A MURDER that rocked Swindon 16 years ago is to feature in a TV documentary next week.

Linda Razzell disappeared on her way to work one morning in March 2002. The following year her husband Glyn was brought to trial and convicted of murdering her.

He denied it and his maintained his innocence ever since.

On Tuesday and Wednesday the case is re-examined by Inside Justice, an organisation that looks into possible miscarriages of justice and works to find out if there is new evidence that could lead to the conviction being quashed.

On his website, Razzell highlighted the show, Conviction: Murder in Suburbia, and said: “In recent months my case has been submitted to the Criminal Case Review Commission and is currently under consideration.”

Mother-of-four Linda went missing on March 19 after dropping off her children at school, leaving her car in Alvescot Road and setting off down an alleyway for work at Swindon College. Her mobile phone was later recovered from the alleyway, but no trace of her was found despite police appeals and a search covering more than 200 sites.

Her body has not been found but her estranged husband, who had previously been cleared by a court of assaulting, her was jailed.

Detectives said he had put her in the boot of a Renault Laguna belonging to a friend. A spot of her blood was found in the boot with another smear in the front passenger mat.

In a series of letters written to the Advertiser protesting his innocence, Razzell spoke of his frustration with the legal process and said he hoped to clear his name through the Appeal Court.

He claimed the only evidence against him was the blood in the car, which had not been found during the first three police forensic examinations.

“My lawyers think it wasn’t planted in the car until after these examinations, when I had no access to it,” he wrote.

He also complained of Forensic Science Service documents being held back from his trial solicitor, which he believes would help him prove his innocence.
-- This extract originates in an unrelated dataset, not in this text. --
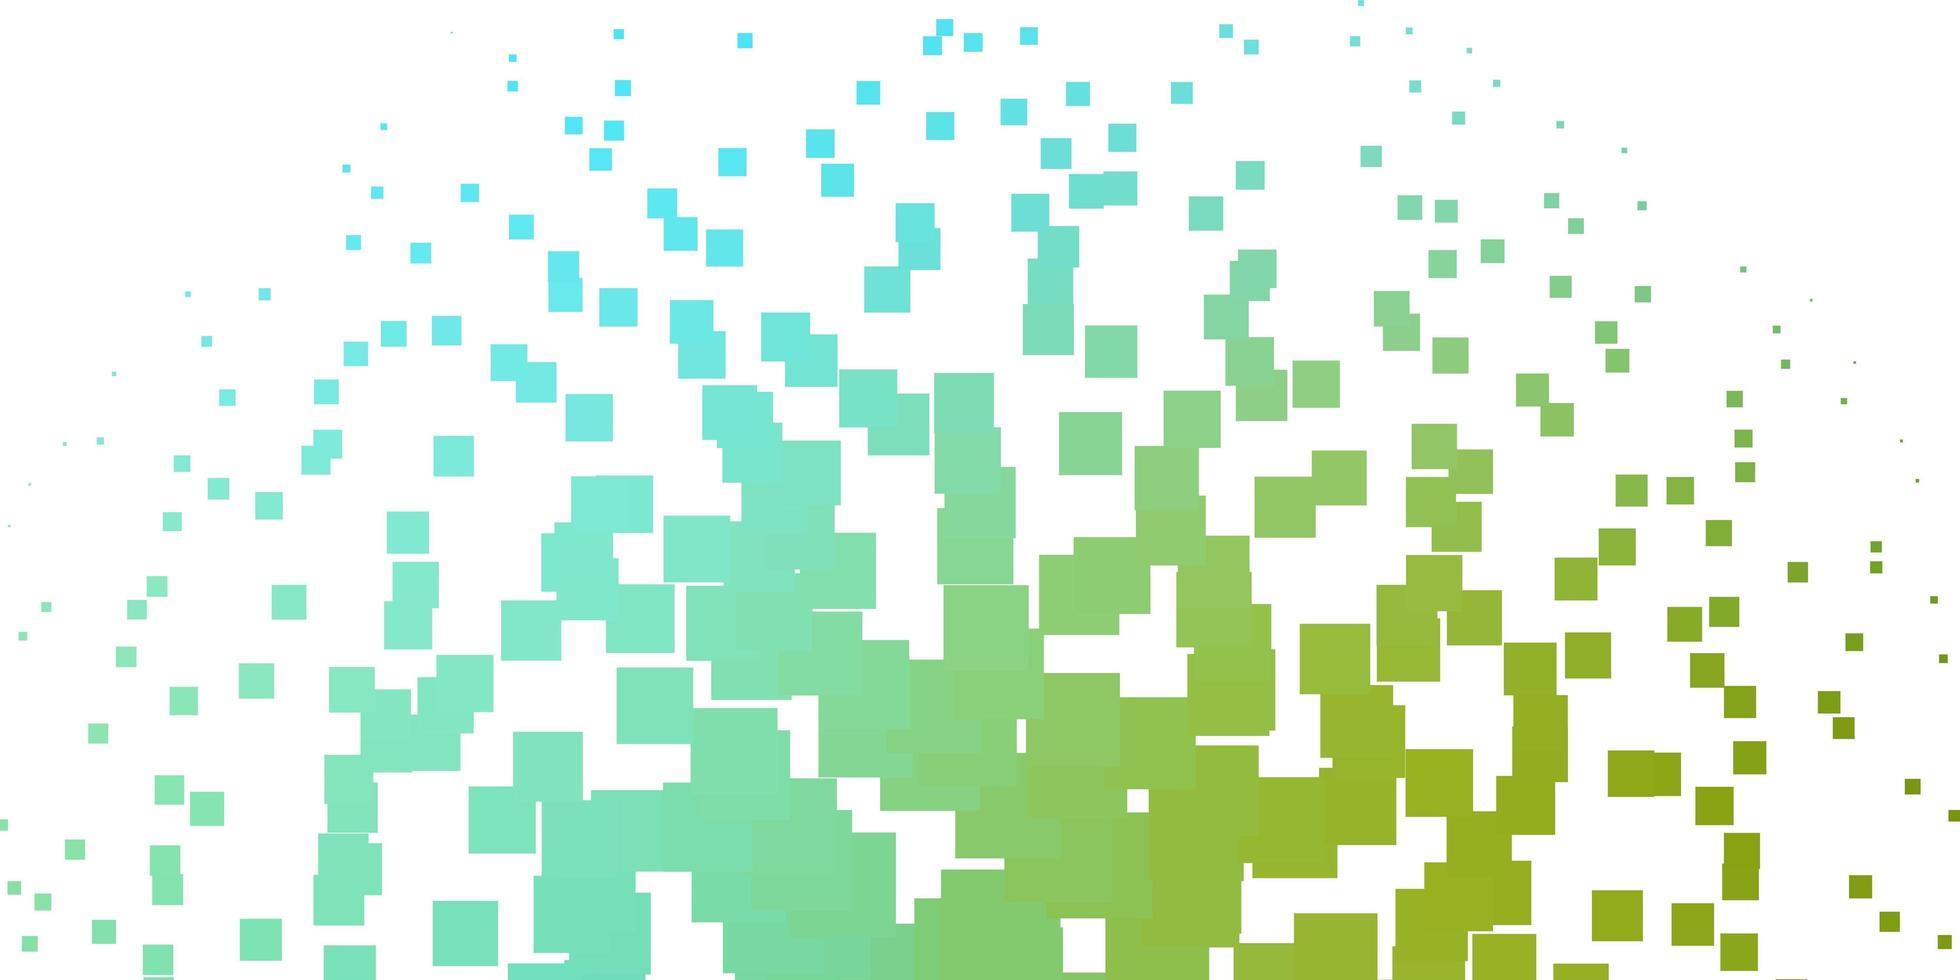 hellblaues, grünes Vektormuster im quadratischen Stil. vektor

Two years ago former detective Steve Fulcher voiced suspicion that Christopher Halliwell, the taxi driver who murdered Becky Godden and Sian O’Callaghan, could be behind Linda’s disappearance and that of others. He claimed the March 19 date -the same date Sian and chef Claudia Lawrence went missing - was significant because detectives believed it was the date he broke up with a former girlfriend in the 1980s.

But Linda’s family dismissed the claims and said there was no doubt in their minds who the murderer was.

Razzell lodged appeals against his conviction and his sentence but lost them.

Conviction: Murder in Suburbia is due to be aired on BBC2 at 9pm.